Ходил гулять в поле, там косили. Вечерняя парча на небе, покорно падает золото ржи, красные взмокшие рубахи, позванивают косы. И вот бросили – и к жбанчикам с квасом, пьют, капли на усах. Эх, всласть поработали!

Думалось Барыбе: вот бы так. Чесались крепкие руки, сжимались жевательные мускулы «А казначейский-то зять? Вдруг бы увидал»

– То-оже выдумал в мужики пойти. Еще, пожалуй, кожи возить на Чеботарихином заводе? Самая стать – сердито бурчал на себя Барыба.

Вертись не вертись, а надо что-нибудь и выдумывать: так, без дела, не проживешь на Евсеевы деньги, не Бог знает какие тысячи.

Покумекал-покумекал Барыба да и настрочил прошение в казначейство: авось возьмут писцом, помощником бы к казначейскому зятю.

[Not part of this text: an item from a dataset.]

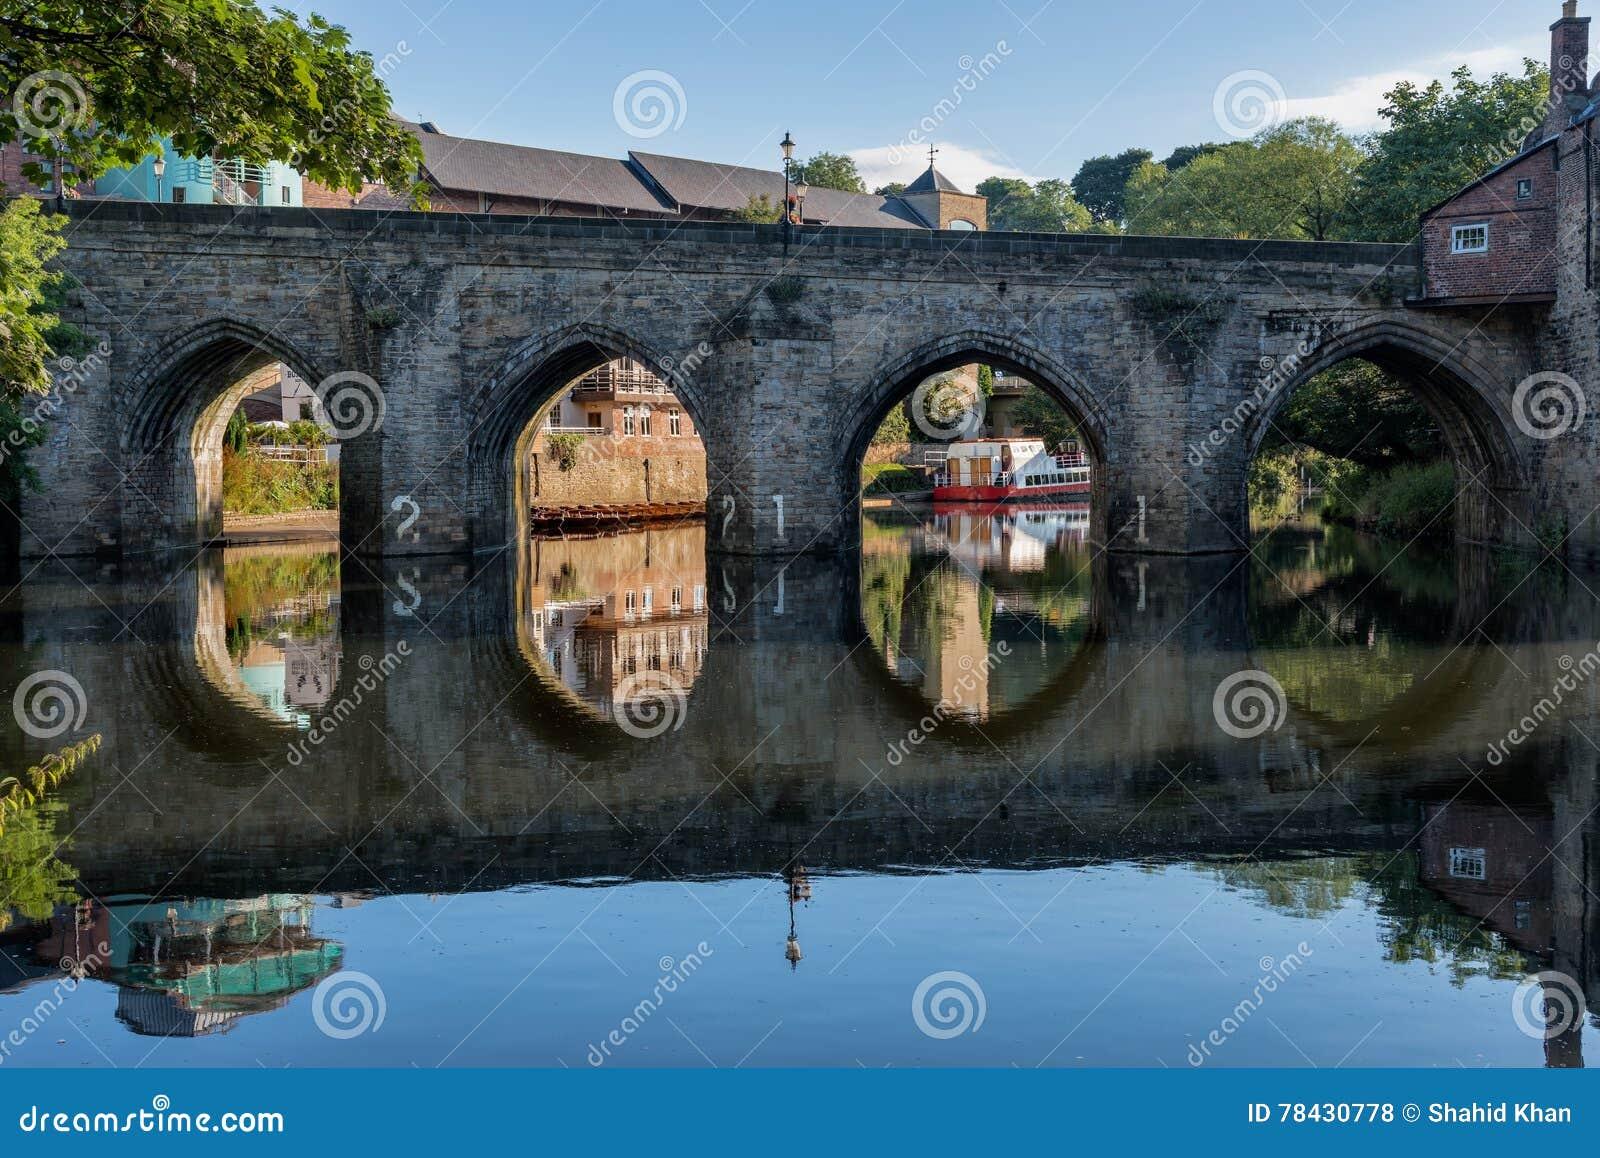 Durham England Uk Stock Photo Image Of Sandstone Facade 78430778

Вот бы фуражку тогда с кокардой – знай наших!

Духота под вечер была смертная. Барыба все же напялил бархатный свой жилет (остаток житья привольного у Чеботарихи), воротничок бумажный, брюки «на улицу» и пошел на Дворянскую: где ж, как не там, казначейского зятя найти.

Тут, конечно. Ходит, длинногачий, тощий, вешалка, на всех глядит кисло, тросточкой помахивает. Так и хочет сказать: «Ты кто такой? А я, видишь, чиновник – фуражка с кокардой».

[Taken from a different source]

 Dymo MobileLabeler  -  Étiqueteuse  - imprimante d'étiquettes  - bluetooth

Кислую улыбку сунул Барыбе:

– А-а, эт-то вы? Прошение? Гм-гм.

Оживился, подтянул штаны, поправил воротничок. Почувствовал себя приветливым начальством.

– Что же, я передам, хорошо. Я сделаю, что могу. Ну, как же, как же, старое знакомство.

Барыба шел домой и думал: «Ух и смазал бы тебя, кислая харя! Однако что говорить – образованно себя держит. А воротничок-то? Самого настоящего полотна, и, видать, каждый раз – новый».

14. Вытекло веселое вино

Келарь Митрофан разнюхал, выведал все, собака, о Евсеевом походе в Стрельцы. Может, конечно, и сам Евсей разблаговестил, нахвастал. А только знал келарь все до последней капли; и как отплясывал Евсей в рубахе одной, под мышками подпоясанной, и песню эту: «Во монахи поступили», и развеселое катанье на живейных по Стрельцам. Келарь, конечно, игумену. Игумен призвал Евсея да так его разнес, что Евсей вылетел, как с верхнего полка из бани.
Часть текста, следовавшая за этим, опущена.